Resist the urge to tell your friends, family and social media networks about your resolutions. While you may think this sense of accountability will increase the probability of achieving your resolutions, research tells us the opposite. In fact, when we go public with our resolutions, just the announcement of our goals gives us a premature sense of achievement. This in turn makes us less likely to achieve them during the year.

#4: Plan and visualise your resolutions

Too many unpublicised SMART resolutions fail for one simple reason: we don’t have a plan. Without a bit of prework, your resolutions may be destined for failure before you’ve even started.

Think about the practical limitations of your resolutions and break down goals into smaller, monitorable actions. If you have a resolution to go to the gym, on which days will you attend? Do you have an exercise program in mind? What are your exercise goals for each month? How will you monitor your progress?

Do not wait until 31st December to do this for each of your resolutions. Plan ahead. And once you have your plan, you can begin to visualise its realisation. Psychologists have shown that visualising the completion of actions can have real effects on achievement in practice. The mind really is more powerful than we think.
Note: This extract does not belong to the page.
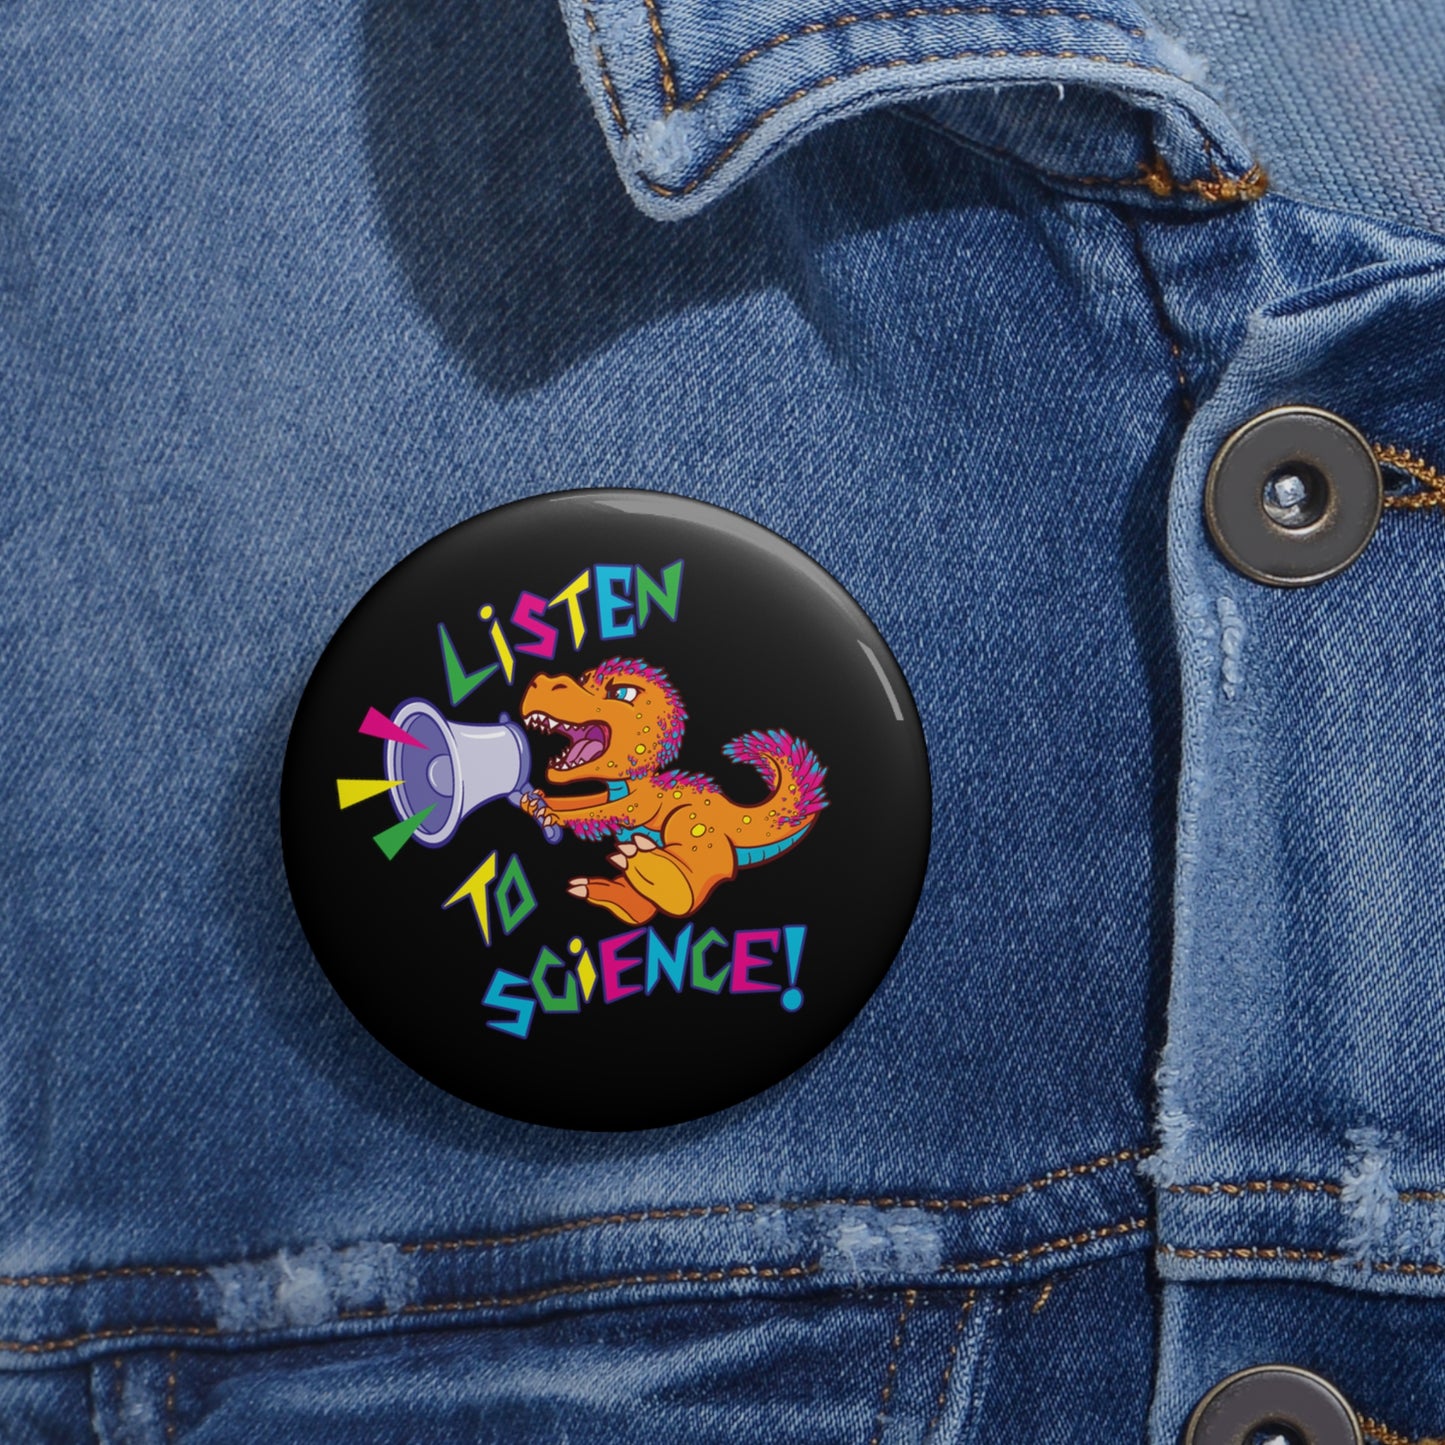 "Science!" Pin Buttons

#5: Celebrate short-term wins

Having broken down your resolutions into smaller goals and actions, you have the foundation in place for achieving them. The primary reason for breaking down these goals is motivational. As humans, we tend to discount rewards that are distant and inflate nearer-term rewards, known as temporal discounting.

As we achieve our shorter-term goals, we should celebrate these wins and reward ourselves. The science tells us that these short-term wins provide much more motivational impetus than rewards on a distant horizon.

#6: In the face of setbacks, stick at it

Habits aren’t formed in a day. On average, research suggests it takes 66 days before a new behaviour becomes automatic. But that isn’t license to relax once you get to 66 days. How long it takes to form a new habit can vary considerably depending on the context, taking anywhere between 18 to 254 days according to the same research.

Charles Duhigg provides an excellent perspective on changing habits in his book, The Power of Habit (UK, US). In short, he suggests habit change requires us to change one part of the cue-action-reward cycle, keeping an existing cue and reward but changing the action. (I recently referred to this idea for eradicating my YouTube habit.)

The central point here is that once you’ve started a new action, things may not go perfectly. Be forgiving of yourself and kick on in the face of these setbacks. Research is even on your side, with one study showing that those who forgive themselves for setbacks stand a better chance of getting stuff done.

A 10-Step Resolutions Plan

The bottom line is that if we want to achieve our resolutions, they need to be more than a fluffy wish list on social media. We need to give them serious thought.

This year, why not do things differently? The chances are that your previous approach hasn’t worked (unless you’re in the 12%).

As you contemplate your New Year’s resolutions, do yourself a favour this year and follow this 10-step plan:

  1. Make no more than 5 SMART and stretching resolutions.
  2. Break down your resolutions into smaller, monitorable goals.
  3. Make a plan and visualise execution of those goals.
  4. Write down your resolutions.
  5. Take a picture of them beside proof of the date.
  6. Tell nobody about them.
  7. Pursue them like you only get the year once.
  8. Celebrate short-term wins.
  9. Stick at it in the face of setbacks.
  10. Publish them at the end of the New Year.

If you follow these 10 steps, you will drastically improve your odds of moving from the 88% that fail to achieve their resolutions to the 12% of achievers. Why not give it a shot?